__PROBLEM TO WORK ON__
Pictures in the records below must be left out. Return exactly the lines from the line with "Les zestes de" to the line with "XL Luna Piena", both included.

__INPUT MATERIAL__
###
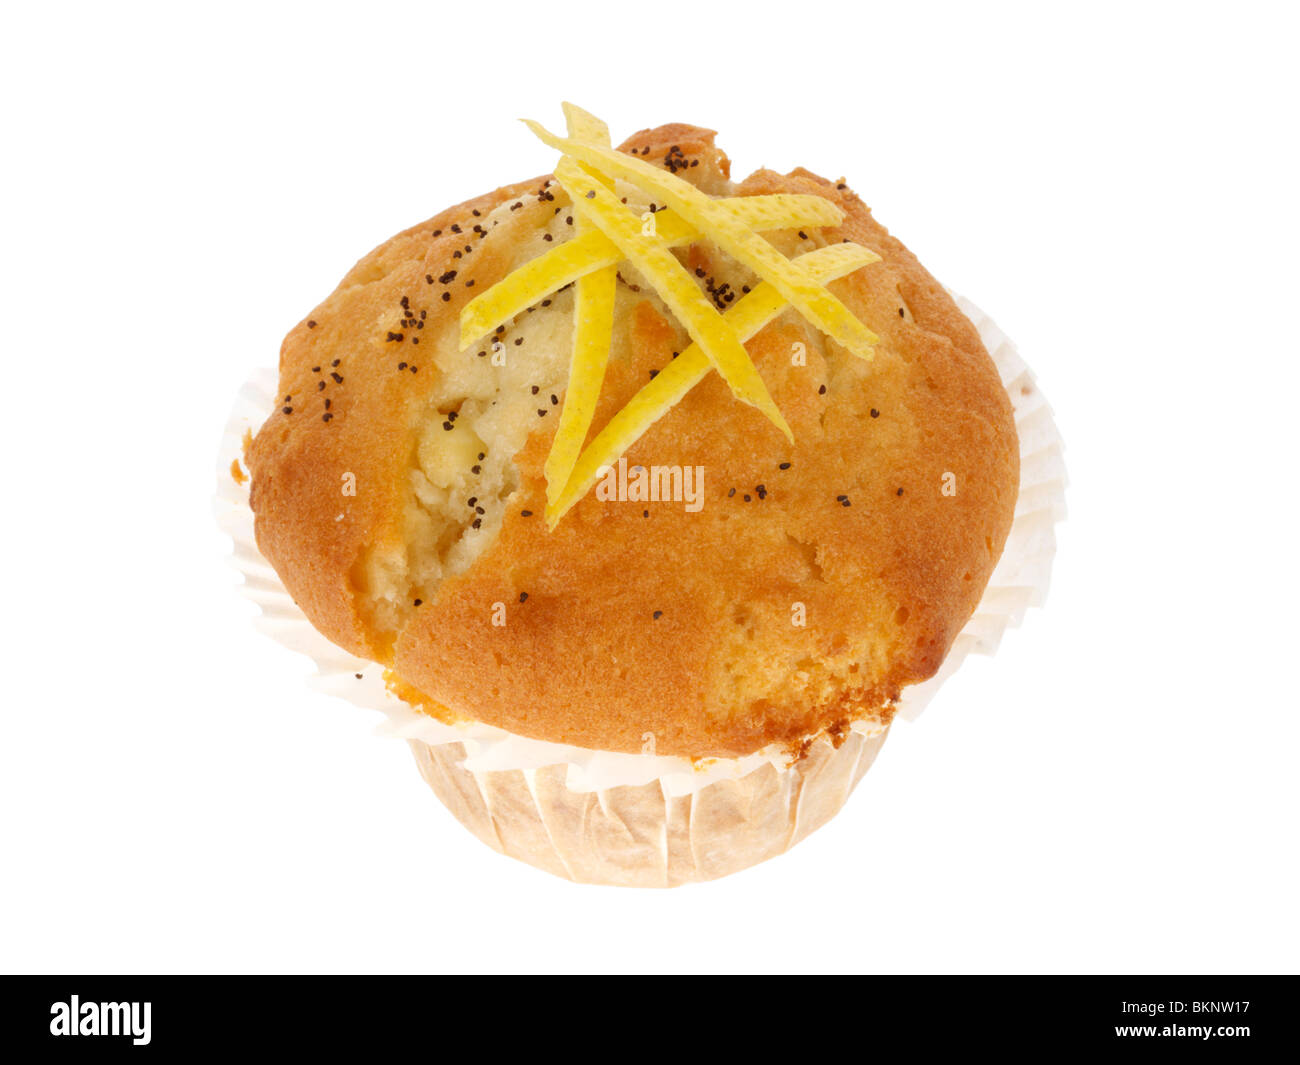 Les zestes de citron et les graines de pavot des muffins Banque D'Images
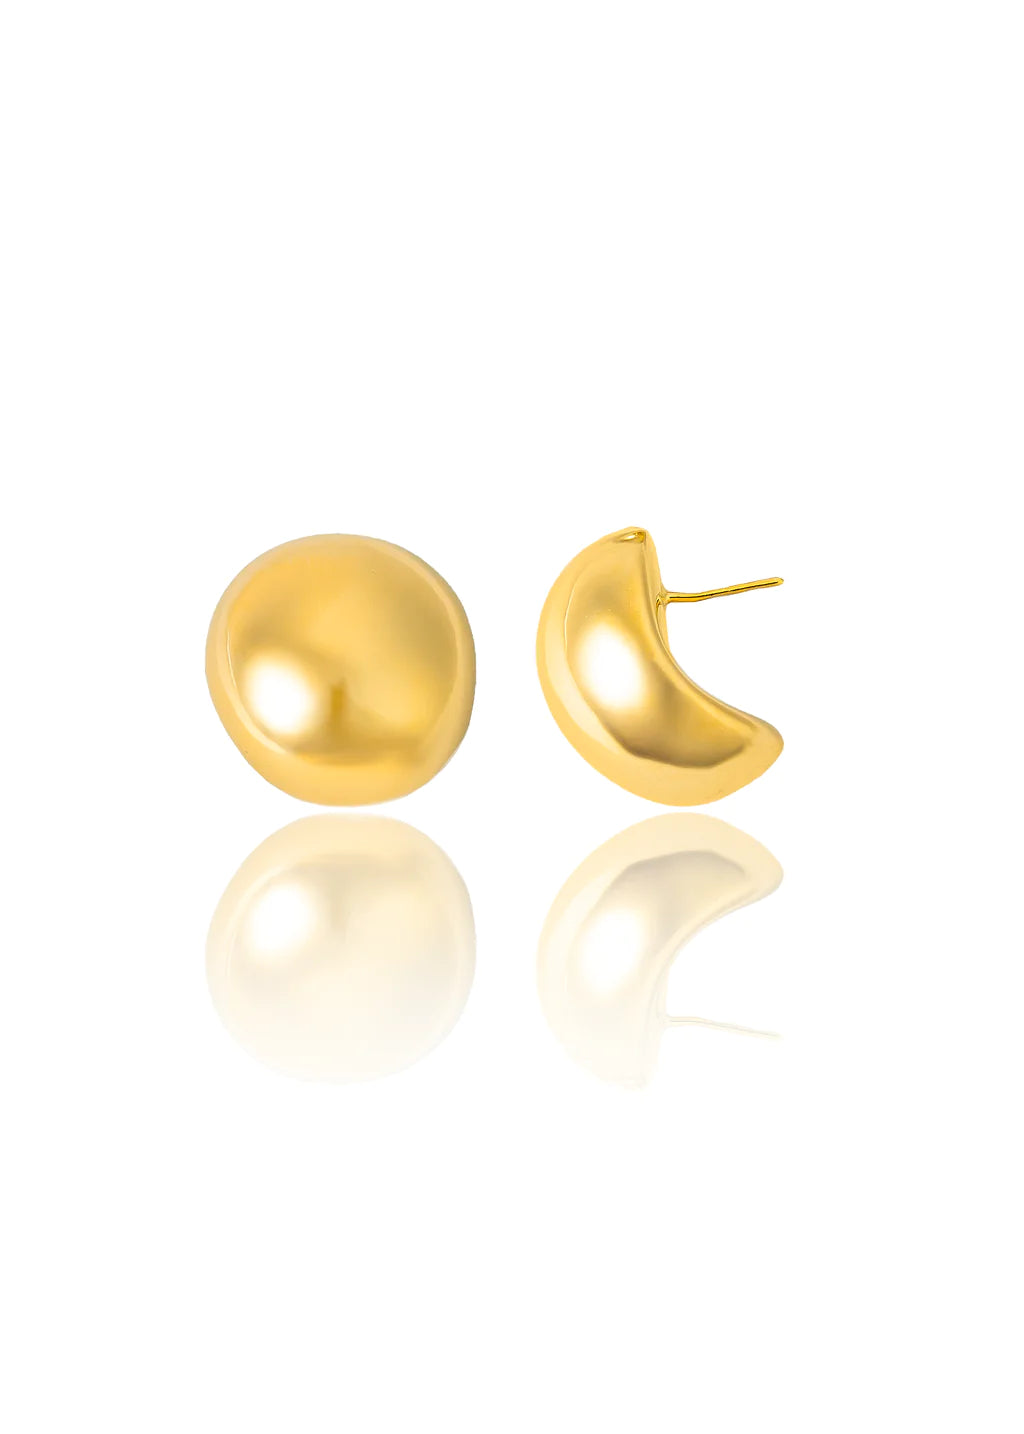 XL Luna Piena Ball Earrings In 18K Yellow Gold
###
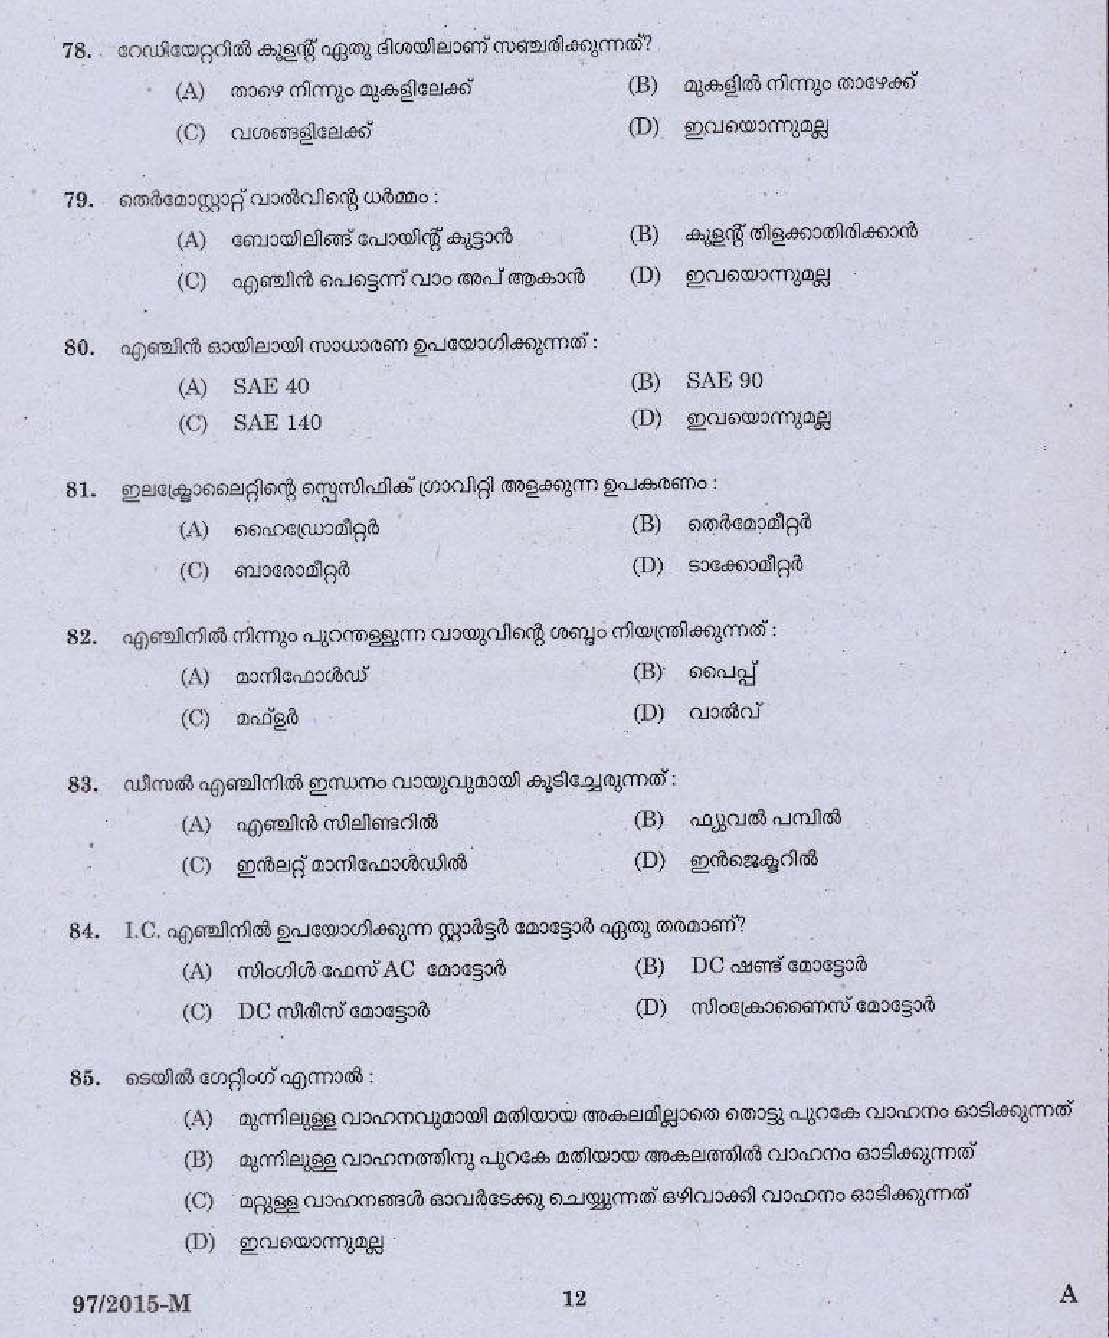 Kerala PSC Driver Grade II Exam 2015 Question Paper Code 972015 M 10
###
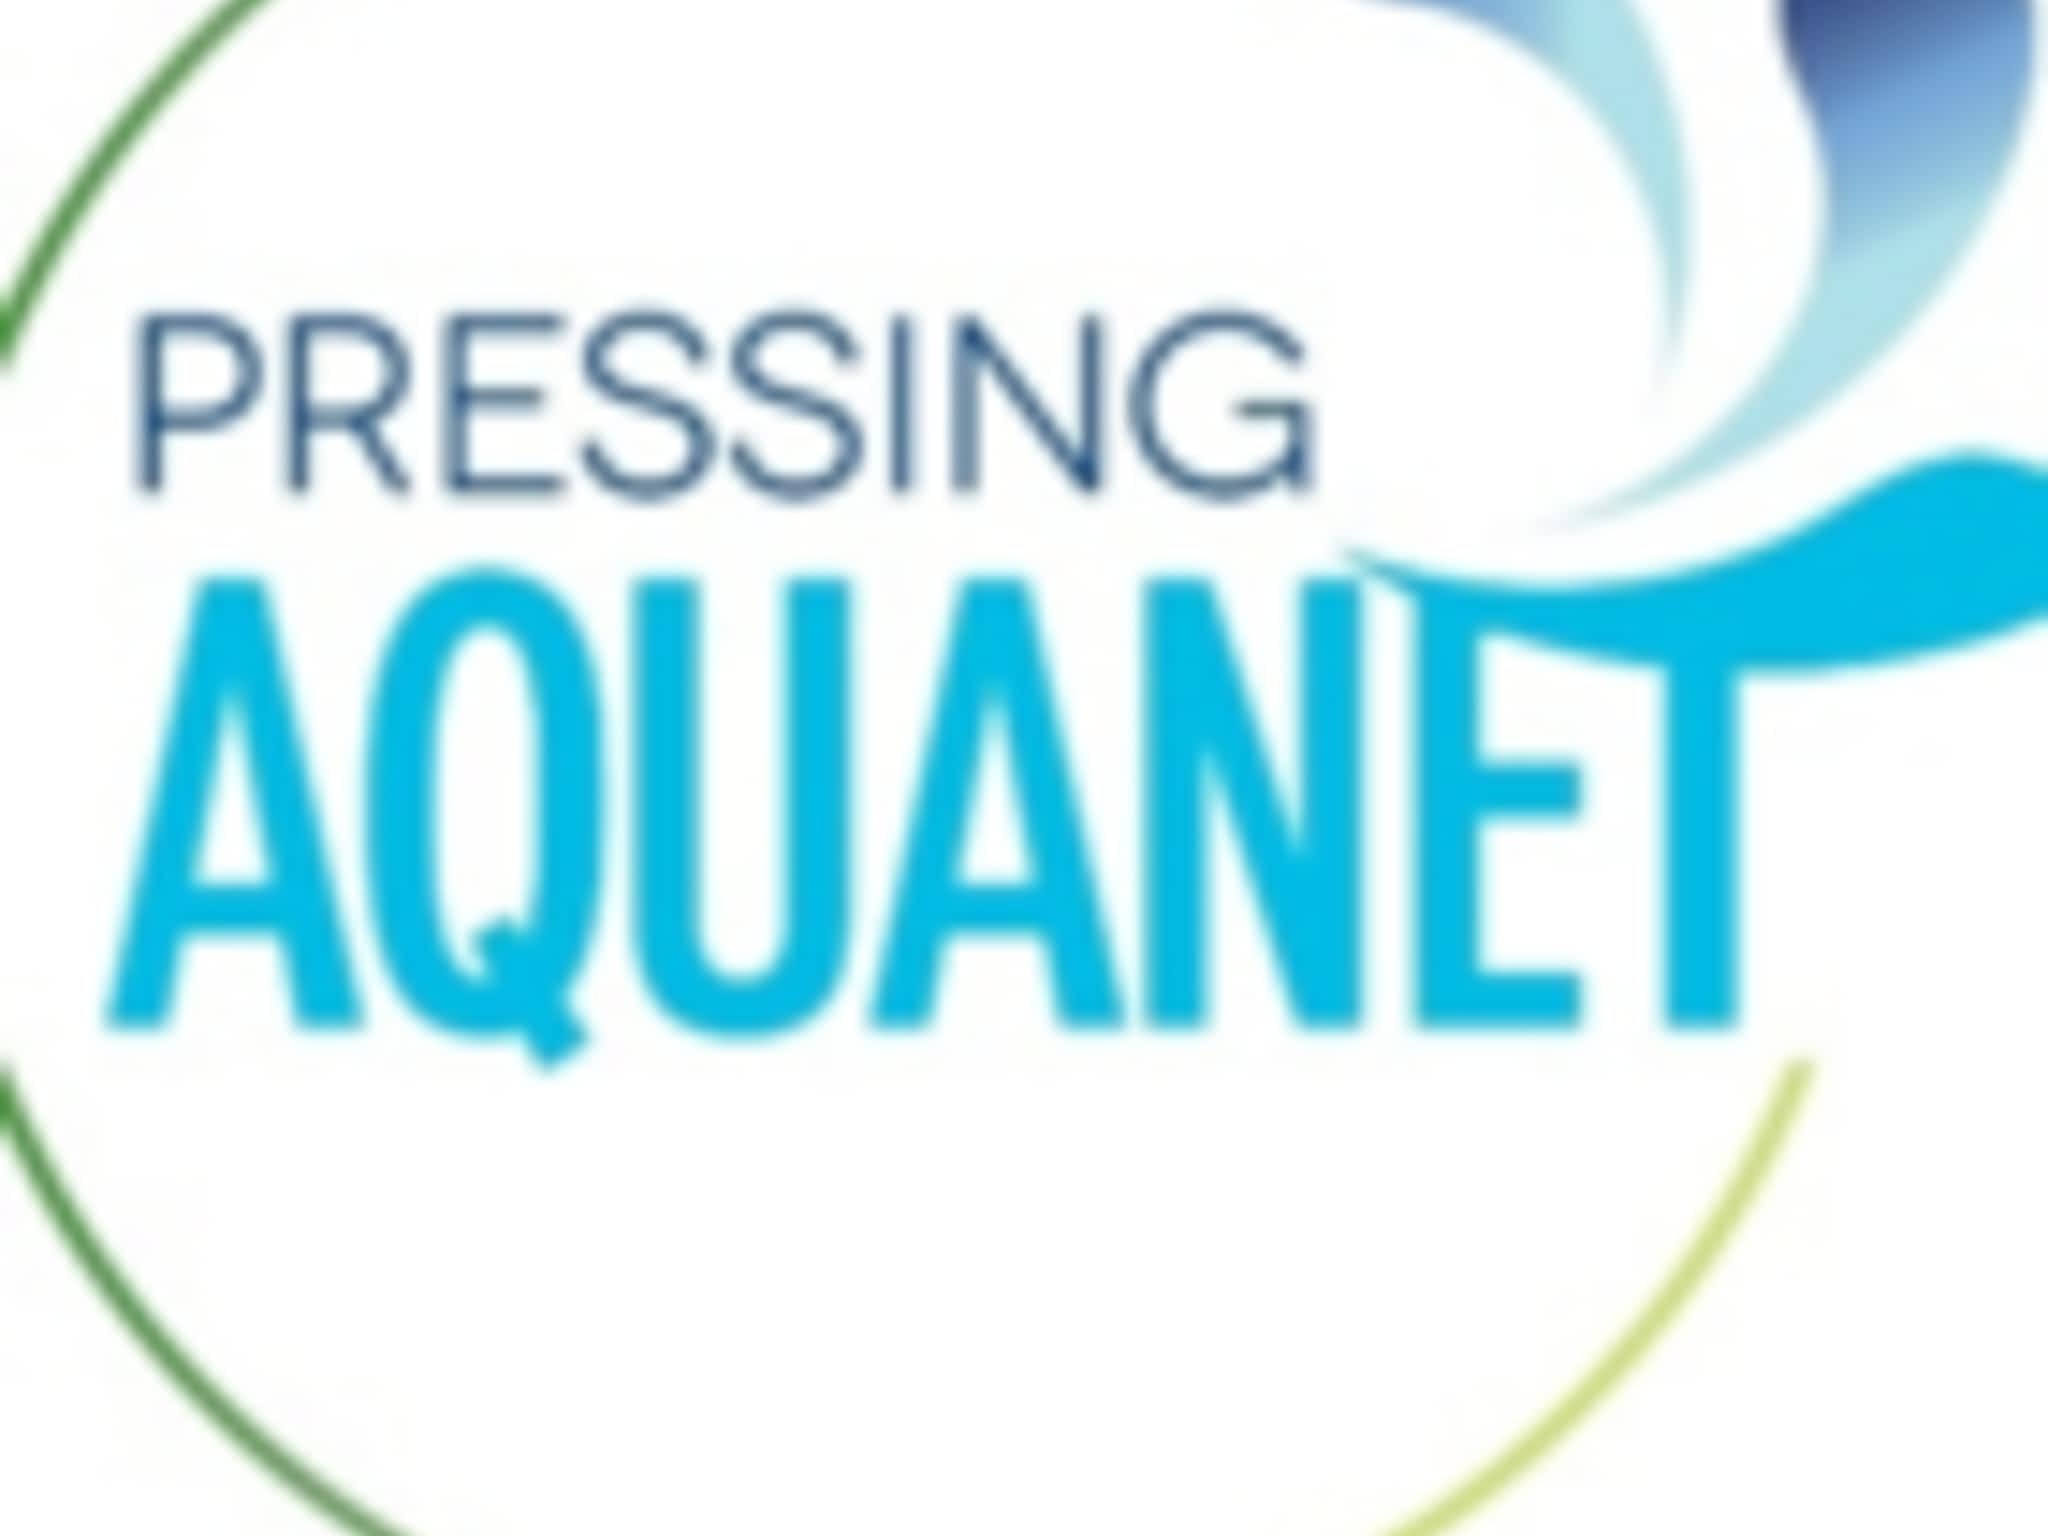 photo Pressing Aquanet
###
__OUTPUT BELOW__
 Les zestes de citron et les graines de pavot des muffins Banque D'Images
 XL Luna Piena Ball Earrings In 18K Yellow Gold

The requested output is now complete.